* _Problem details_: When you respond, write out each entry exactly as it stands.
:: Given data
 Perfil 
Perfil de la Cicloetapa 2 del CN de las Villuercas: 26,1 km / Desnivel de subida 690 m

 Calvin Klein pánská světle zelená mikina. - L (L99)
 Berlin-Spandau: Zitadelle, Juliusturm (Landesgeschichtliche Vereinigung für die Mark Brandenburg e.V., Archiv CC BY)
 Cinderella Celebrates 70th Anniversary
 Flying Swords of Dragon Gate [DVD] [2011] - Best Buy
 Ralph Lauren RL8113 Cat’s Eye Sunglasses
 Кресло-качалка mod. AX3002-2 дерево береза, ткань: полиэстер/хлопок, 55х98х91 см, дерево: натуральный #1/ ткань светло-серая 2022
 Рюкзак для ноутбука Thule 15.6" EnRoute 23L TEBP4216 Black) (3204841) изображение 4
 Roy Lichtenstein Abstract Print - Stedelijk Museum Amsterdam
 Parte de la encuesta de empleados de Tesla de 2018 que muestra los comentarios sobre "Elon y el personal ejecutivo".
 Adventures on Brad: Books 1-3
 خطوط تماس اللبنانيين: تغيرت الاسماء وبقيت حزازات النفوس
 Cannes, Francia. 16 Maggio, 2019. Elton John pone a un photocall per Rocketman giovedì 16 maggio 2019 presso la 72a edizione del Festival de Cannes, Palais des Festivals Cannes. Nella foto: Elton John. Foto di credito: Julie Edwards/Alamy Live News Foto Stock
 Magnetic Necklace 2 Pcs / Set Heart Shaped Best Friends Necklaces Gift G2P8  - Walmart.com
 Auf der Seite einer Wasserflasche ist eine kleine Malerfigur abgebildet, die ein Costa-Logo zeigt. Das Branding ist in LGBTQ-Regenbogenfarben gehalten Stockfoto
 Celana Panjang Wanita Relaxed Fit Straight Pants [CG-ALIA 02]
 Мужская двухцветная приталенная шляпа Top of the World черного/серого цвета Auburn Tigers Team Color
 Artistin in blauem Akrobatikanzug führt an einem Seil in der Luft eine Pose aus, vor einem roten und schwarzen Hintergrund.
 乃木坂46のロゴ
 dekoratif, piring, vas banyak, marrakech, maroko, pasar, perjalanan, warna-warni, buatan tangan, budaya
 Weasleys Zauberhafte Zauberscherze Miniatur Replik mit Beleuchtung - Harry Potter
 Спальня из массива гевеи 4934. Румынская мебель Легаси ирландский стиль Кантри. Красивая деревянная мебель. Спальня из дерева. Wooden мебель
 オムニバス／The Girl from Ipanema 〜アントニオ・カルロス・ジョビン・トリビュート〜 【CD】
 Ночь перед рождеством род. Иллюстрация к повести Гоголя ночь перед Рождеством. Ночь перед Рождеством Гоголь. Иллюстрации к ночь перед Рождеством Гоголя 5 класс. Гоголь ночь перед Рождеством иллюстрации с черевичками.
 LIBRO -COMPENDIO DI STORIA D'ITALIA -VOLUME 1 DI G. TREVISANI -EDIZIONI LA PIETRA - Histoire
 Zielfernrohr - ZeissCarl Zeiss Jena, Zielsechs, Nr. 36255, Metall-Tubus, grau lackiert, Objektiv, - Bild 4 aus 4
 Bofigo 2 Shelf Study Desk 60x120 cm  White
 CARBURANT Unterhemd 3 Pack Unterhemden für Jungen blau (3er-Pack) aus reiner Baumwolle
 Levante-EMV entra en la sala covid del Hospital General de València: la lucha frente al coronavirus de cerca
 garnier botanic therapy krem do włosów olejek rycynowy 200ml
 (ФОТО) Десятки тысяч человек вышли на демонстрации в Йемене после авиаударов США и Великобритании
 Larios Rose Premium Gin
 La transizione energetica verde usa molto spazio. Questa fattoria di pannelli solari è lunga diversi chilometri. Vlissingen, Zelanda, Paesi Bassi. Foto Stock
::::
* _Exercise answer_:
 Perfil 
Perfil de la Cicloetapa 2 del CN de las Villuercas: 26,1 km / Desnivel de subida 690 m

 Calvin Klein pánská světle zelená mikina. - L (L99)
 Berlin-Spandau: Zitadelle, Juliusturm (Landesgeschichtliche Vereinigung für die Mark Brandenburg e.V., Archiv CC BY)
 Cinderella Celebrates 70th Anniversary
 Flying Swords of Dragon Gate [DVD] [2011] - Best Buy
 Ralph Lauren RL8113 Cat’s Eye Sunglasses
 Кресло-качалка mod. AX3002-2 дерево береза, ткань: полиэстер/хлопок, 55х98х91 см, дерево: натуральный #1/ ткань светло-серая 2022
 Рюкзак для ноутбука Thule 15.6" EnRoute 23L TEBP4216 Black) (3204841) изображение 4
 Roy Lichtenstein Abstract Print - Stedelijk Museum Amsterdam
 Parte de la encuesta de empleados de Tesla de 2018 que muestra los comentarios sobre "Elon y el personal ejecutivo".
 Adventures on Brad: Books 1-3
 خطوط تماس اللبنانيين: تغيرت الاسماء وبقيت حزازات النفوس
 Cannes, Francia. 16 Maggio, 2019. Elton John pone a un photocall per Rocketman giovedì 16 maggio 2019 presso la 72a edizione del Festival de Cannes, Palais des Festivals Cannes. Nella foto: Elton John. Foto di credito: Julie Edwards/Alamy Live News Foto Stock
 Magnetic Necklace 2 Pcs / Set Heart Shaped Best Friends Necklaces Gift G2P8  - Walmart.com
 Auf der Seite einer Wasserflasche ist eine kleine Malerfigur abgebildet, die ein Costa-Logo zeigt. Das Branding ist in LGBTQ-Regenbogenfarben gehalten Stockfoto
 Celana Panjang Wanita Relaxed Fit Straight Pants [CG-ALIA 02]
 Мужская двухцветная приталенная шляпа Top of the World черного/серого цвета Auburn Tigers Team Color
 Artistin in blauem Akrobatikanzug führt an einem Seil in der Luft eine Pose aus, vor einem roten und schwarzen Hintergrund.
 乃木坂46のロゴ
 dekoratif, piring, vas banyak, marrakech, maroko, pasar, perjalanan, warna-warni, buatan tangan, budaya
 Weasleys Zauberhafte Zauberscherze Miniatur Replik mit Beleuchtung - Harry Potter
 Спальня из массива гевеи 4934. Румынская мебель Легаси ирландский стиль Кантри. Красивая деревянная мебель. Спальня из дерева. Wooden мебель
 オムニバス／The Girl from Ipanema 〜アントニオ・カルロス・ジョビン・トリビュート〜 【CD】
 Ночь перед рождеством род. Иллюстрация к повести Гоголя ночь перед Рождеством. Ночь перед Рождеством Гоголь. Иллюстрации к ночь перед Рождеством Гоголя 5 класс. Гоголь ночь перед Рождеством иллюстрации с черевичками.
 LIBRO -COMPENDIO DI STORIA D'ITALIA -VOLUME 1 DI G. TREVISANI -EDIZIONI LA PIETRA - Histoire
 Zielfernrohr - ZeissCarl Zeiss Jena, Zielsechs, Nr. 36255, Metall-Tubus, grau lackiert, Objektiv, - Bild 4 aus 4
 Bofigo 2 Shelf Study Desk 60x120 cm  White
 CARBURANT Unterhemd 3 Pack Unterhemden für Jungen blau (3er-Pack) aus reiner Baumwolle
 Levante-EMV entra en la sala covid del Hospital General de València: la lucha frente al coronavirus de cerca
 garnier botanic therapy krem do włosów olejek rycynowy 200ml
 (ФОТО) Десятки тысяч человек вышли на демонстрации в Йемене после авиаударов США и Великобритании
 Larios Rose Premium Gin
 La transizione energetica verde usa molto spazio. Questa fattoria di pannelli solari è lunga diversi chilometri. Vlissingen, Zelanda, Paesi Bassi. Foto Stock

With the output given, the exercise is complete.